← All Articles

When to Prompt, When to Code, When to Train

The most underrated prompt engineering skill is recognizing when you do not need prompt engineering at all. A decision framework for choosing the right tool before you build the wrong system.

In Brief

Before deciding how to write a prompt, decide whether you need a prompt at all. Every task can be solved by one of five approaches: write deterministic code for finite problems with enumerable solutions, prompt an LLM for open-ended tasks where occasional imprecision is acceptable and volume is low, wrap an LLM step inside a deterministic pipeline for medium-volume production, distill a large model into a fine-tuned smaller one for high-volume cost-sensitive inference, or use embedding-based classification for tasks that are really classification problems disguised as generation. The right choice depends on task properties: whether the problem is deterministic or probabilistic, whether the input space is bounded, what the error cost looks like, what the volume is, how tight the latency budget is, and whether labeled training data is available. Skipping this diagnosis leads to systems that are either over-engineered (calling an expensive LLM API for a problem that needs a regex) or under-engineered (squeezing generative output quality out of what is really a classification task).

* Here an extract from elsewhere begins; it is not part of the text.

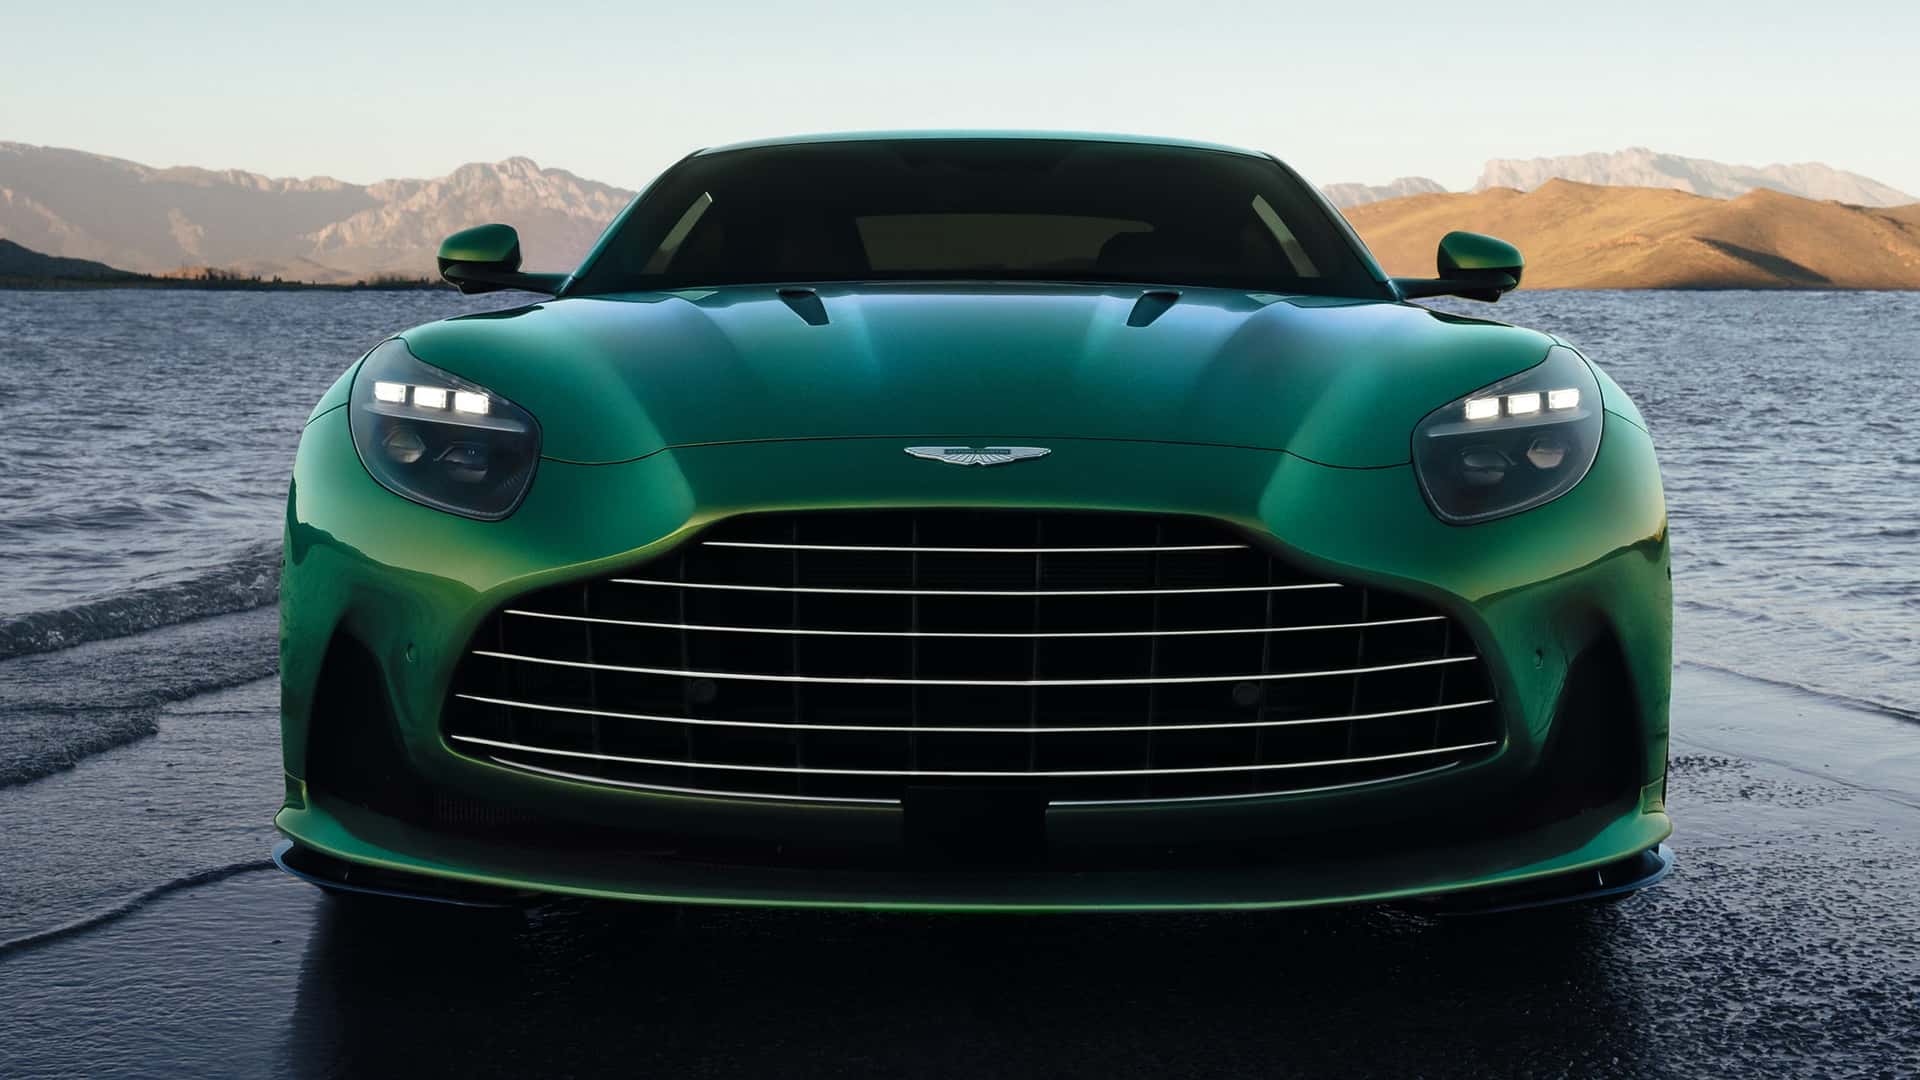 Aston Martin DB12 lug-in hybrid

The economics get sharp once full cost is accounted for. A prompt that costs a fraction of a cent per call looks cheap until it is multiplied by millions of daily requests, while an embedding model on a single GPU costs a few dollars a day and often achieves higher accuracy on classification tasks. The upfront cost of building training data, running distillation, or implementing a retrieval system is real, but it amortizes quickly past a certain scale. The discipline is running through the task-property matrix before reaching for a prompt: a deterministic problem with a finite input space calls for code, deterministic classification calls for embeddings, high-volume generation calls for distillation to a fine-tuned smaller model, and only low-volume open-ended understanding genuinely calls for prompting. This upstream decision prevents the common trap of defaulting to prompting because it is familiar, only to discover months later that the system would have been simpler, cheaper, and more reliable as code, as embeddings, or as a fine-tuned model.

. . .

The Question Before the Prompt

The other articles in this week's reading list teach you how to write prompts well. How to structure them (The Anatomy of a Prompt), how to version and test them (Prompts Are Code), how to diagnose failure (When Prompts Fail), how to avoid common anti-patterns (How NOT to Write a Prompt). All of that assumes you have already decided that a prompt is the right solution.

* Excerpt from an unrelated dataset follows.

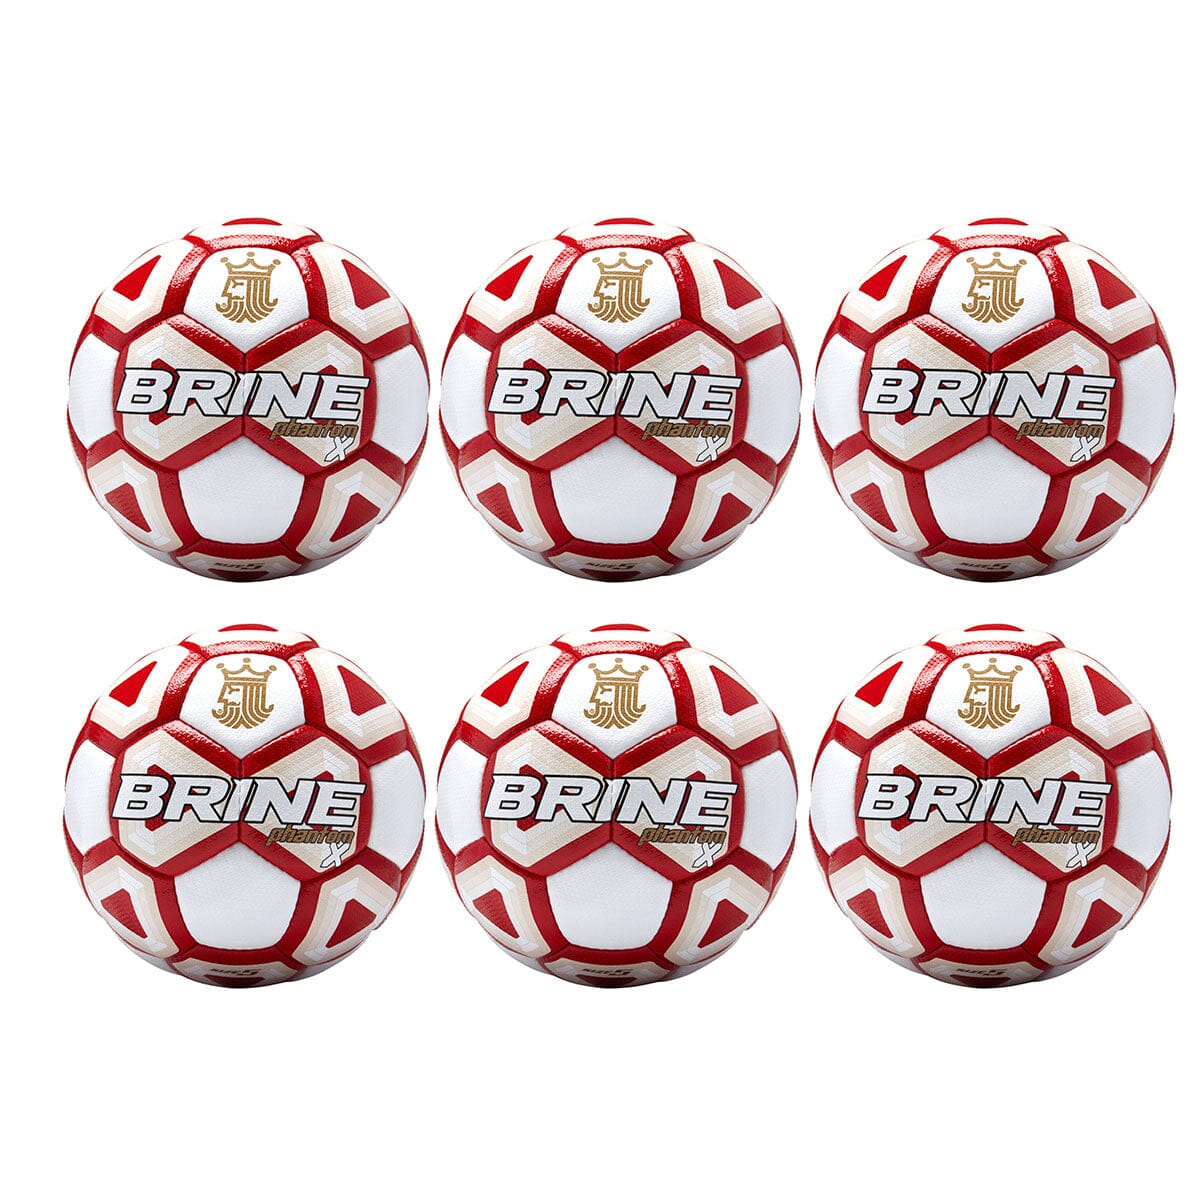 Brine Phantom X Soccer Ball - 6 Packs | SBPHTMX7 Soccer Ball Brine 5 White/Scarlet

This article sits upstream of the others. It asks the question you should answer first: given this task, should you prompt an LLM at all, or is there a better tool?

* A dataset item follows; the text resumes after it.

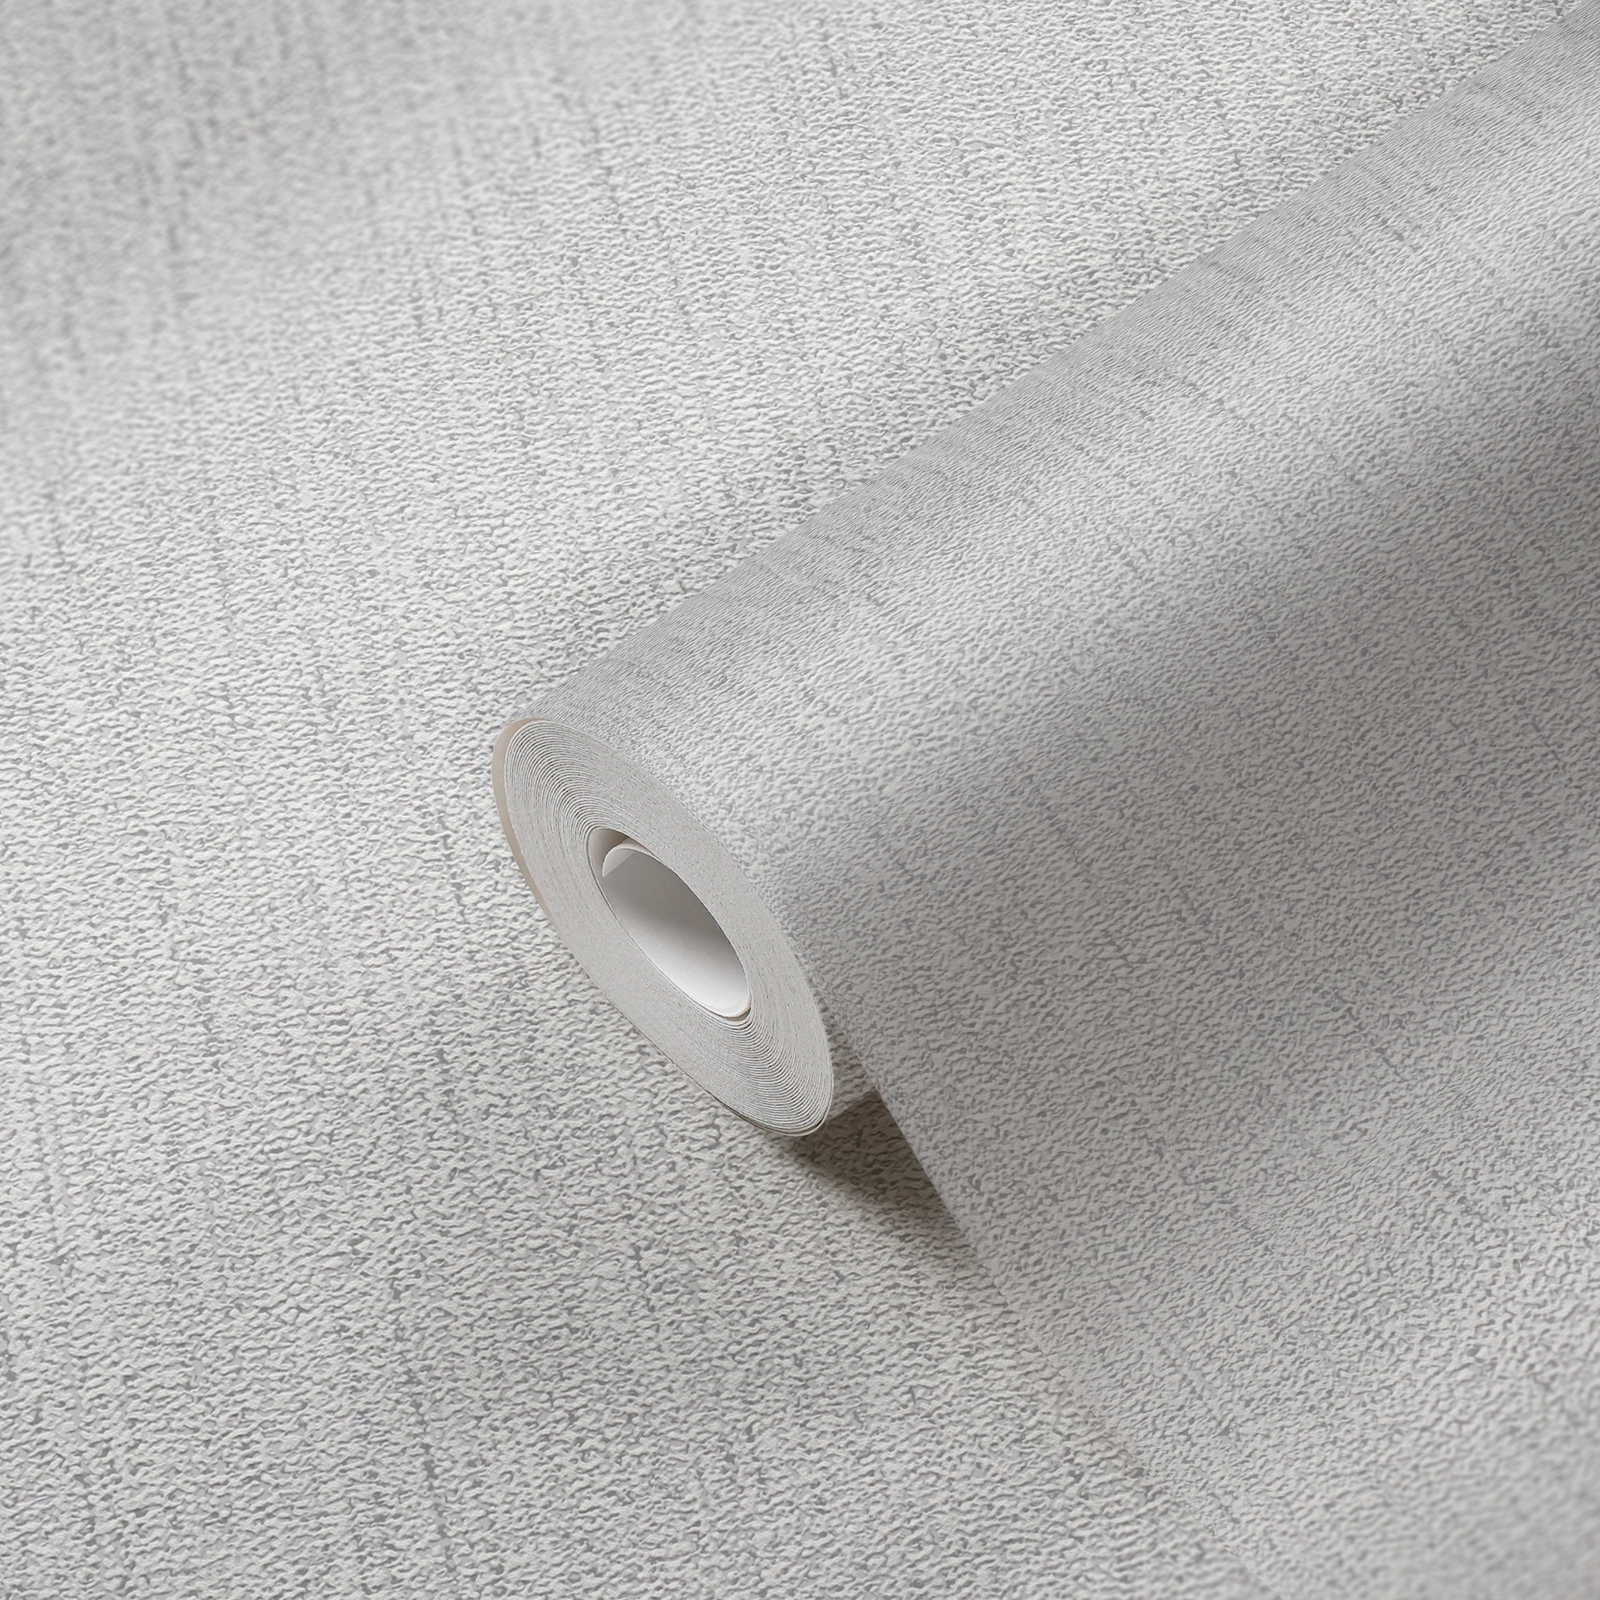             Textuurbehang met stofpatroon - lichtgrijs, zilver

A small person holding a single peanut up toward an enormous elephant whose trunk waits patiently — Perhaps a different approach.

The default instinct, especially after a week studying prompt engineering, is to prompt everything. You have a hammer; everything looks like a nail. The engineering discipline is knowing when the nail is actually a screw.

. . .

Five Strategies

Every task that might involve an LLM can be solved by one of five approaches. They are not ranked from worst to best. They are ranked from most deterministic to most flexible, and the right choice depends on the properties of the task, not the properties of the tool.

Jump to a strategy

Strategy 1: Write Code

If the task has a deterministic specification, the answer is almost always code. Counting the letters in a word. Validating an email address with a regex. Parsing a date string. Computing a running total. Sorting a list.

An LLM can do all of these things. It will get most of them right most of the time. But "most of the time" is not a specification. Ask GPT-4 to count the letters in "Gandalf" and it will sometimes say 7 and sometimes say 6. len("Gandalf") will say 7 every time, in zero milliseconds, at zero cost.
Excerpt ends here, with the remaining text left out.